A museum has more to offer
Museums are increasingly offering special events. Does this divert one’s attention from the actual content? Not in the least, we feel. A variety of activities, rather, create more points of contact for additional groups of people and ensure that the museum as an institution remains socially relevant.
Museum beer. Yoga at the museum. Partying at the museum. The museum out and about, in the city and in the mountains. Children spending a night at the museum. There is a long list to choose from. Traditional museums have recently become places where a variety of things happen. Programmes are filled with a broad range of activities and events.
This was not always the case. Once upon a time the main purpose of a museum was to store the past and put it on display in large showcases, often associated with a slightly musty image. However, a lot has changed over the past 25 years. Museums have opened up their concepts and have discovered new fields of play. Some have been accused of suffering from ‘eventitis’. Too many events, not enough content. Are the events all just window dressing with the aim of whitewashing the stuffy image of the museum? Aimless activism – much ado about nothing? Can a museum not just be a museum? Could we not be a little more serious and dispense with some of the noise and joviality?
Of course museums can offer that. They are, after all, places of learning. They convey knowledge and there is nothing wrong with being asked to use one’s brainpower every now and again. But a museum has much more to offer. It can do more than just exist and wait for the same audience of educated middle-class people to come and visit. If a museum wishes to remain relevant, it must expand its thinking and reach out to broader sections of society. Not just by extending the opening hours, but by expanding the museum’s attitude and openness, which offer points of contact to a whole host of people.
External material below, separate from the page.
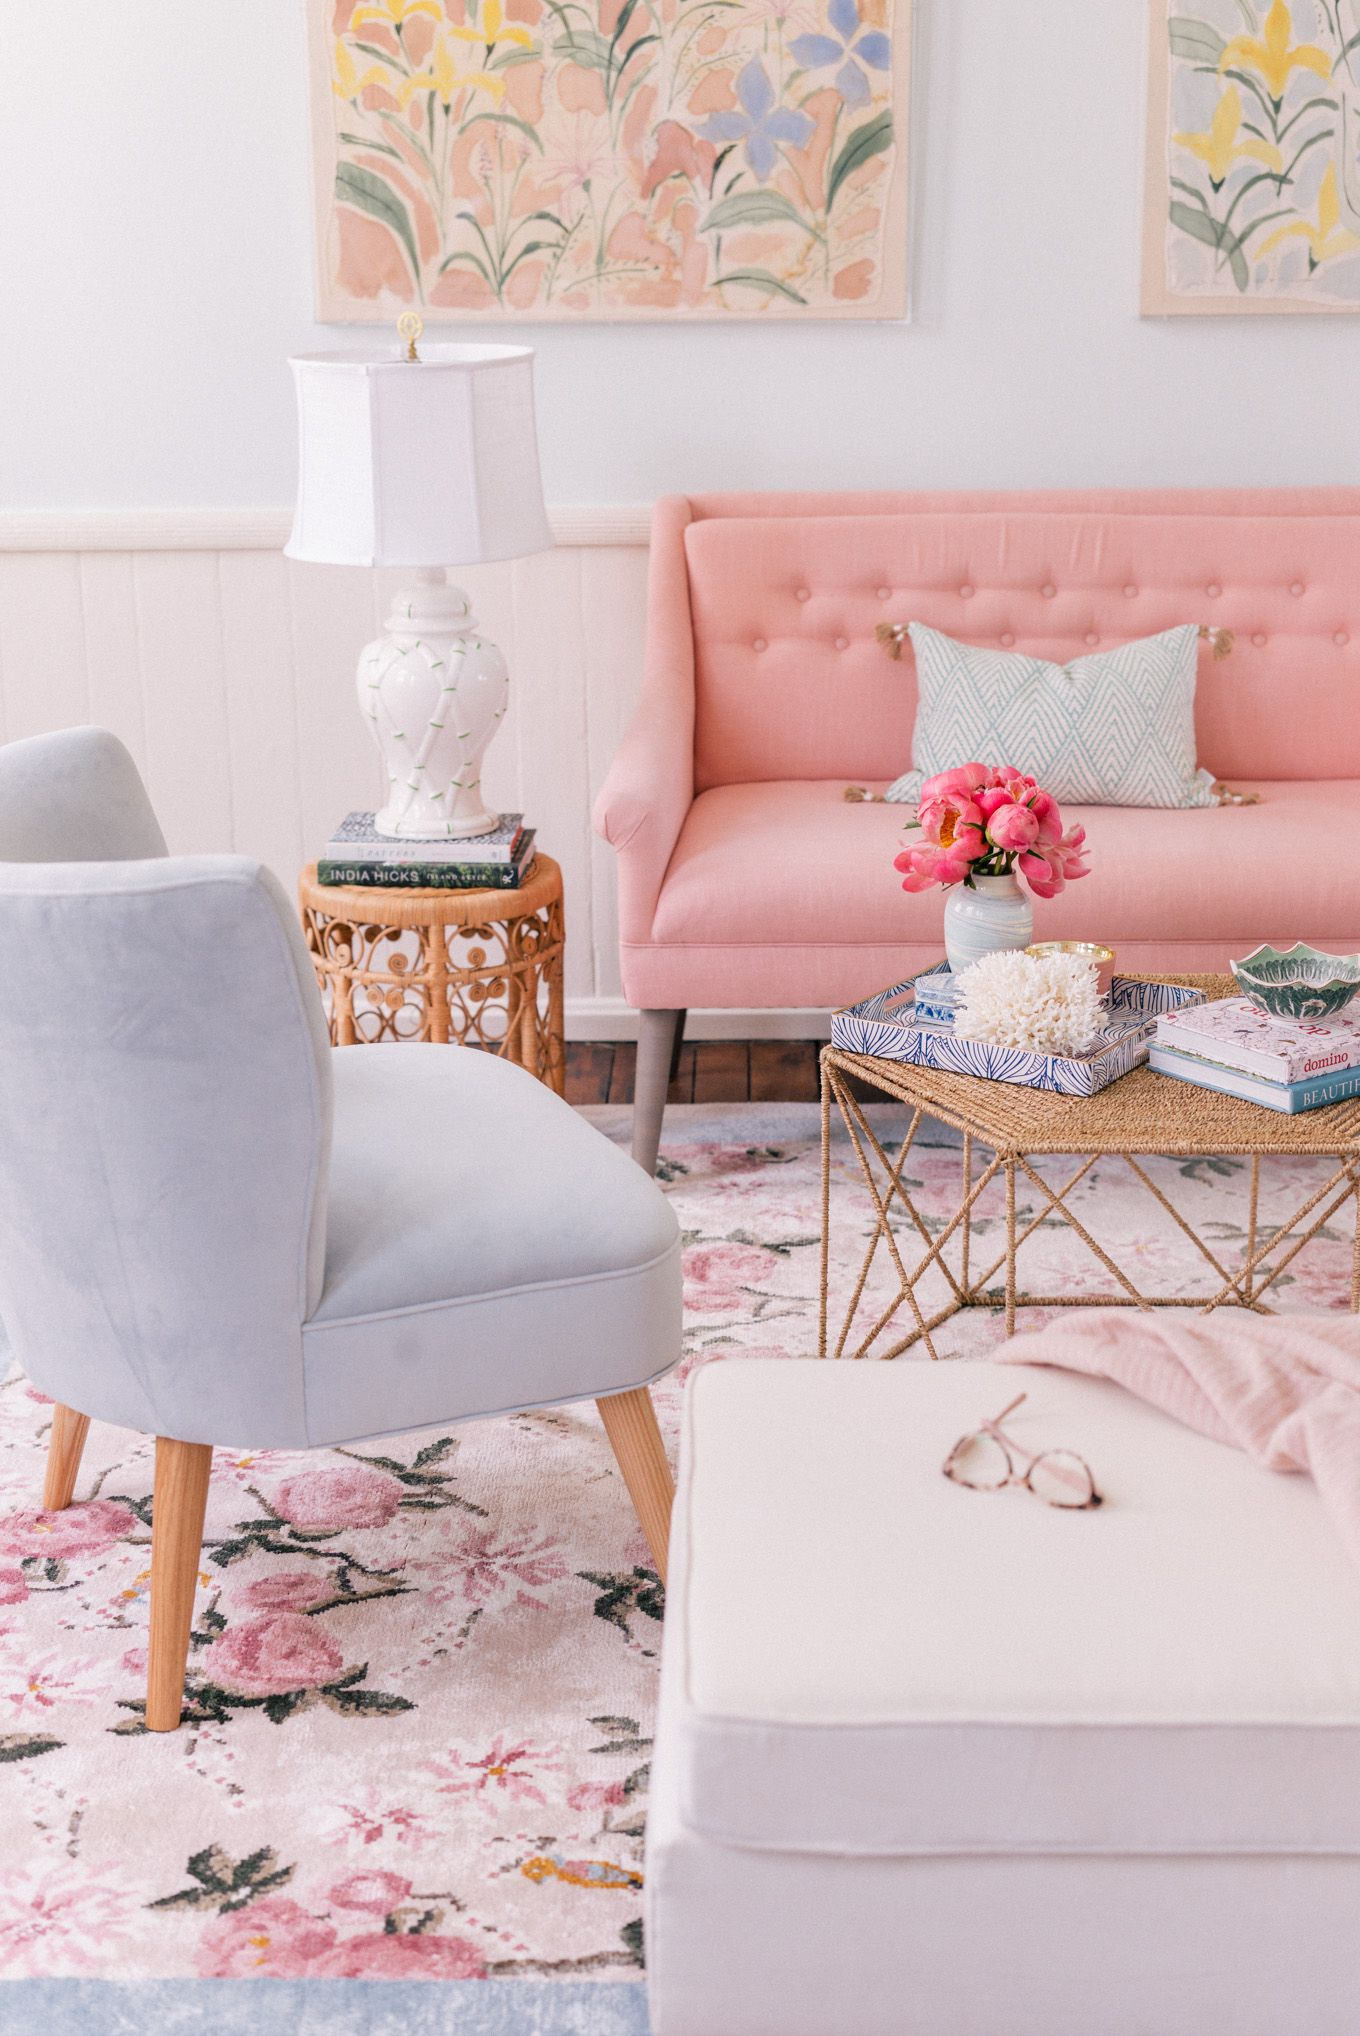 living room, pink flowery rug, white ottoman, grey chair, pink sofa, rattan coffee tbale, rattan side table, white wainscoting

Open doors and an open mind
It is very obvious to us at the Museum of Communication that our work should have direct social relevance. This realisation is one of the criteria we use when selecting our exhibition themes and planning our activities. We want to offer new avenues of access. And we want to encourage new people to visit the museum. This begins with our attitude: we are not an institution that gathers information and then passes it on in handy little morsels, readymade and non-negotiable. Although we have a lot of knowledge, we are still interested in what visitors can offer us. This includes a lot of everyday expertise and sometimes a surprising amount of very precise specialist knowledge. And in turn we can learn something from them too.
The work that is done by our communicators goes to the heart of the museum’s ethos. They approach visitors with an open mind and meet them on an equal footing. They are hosts, not lecturers or museum attendants. As a host, one treats one’s guests in a personal and engaging manner. This makes for an encounter that everyone can benefit from.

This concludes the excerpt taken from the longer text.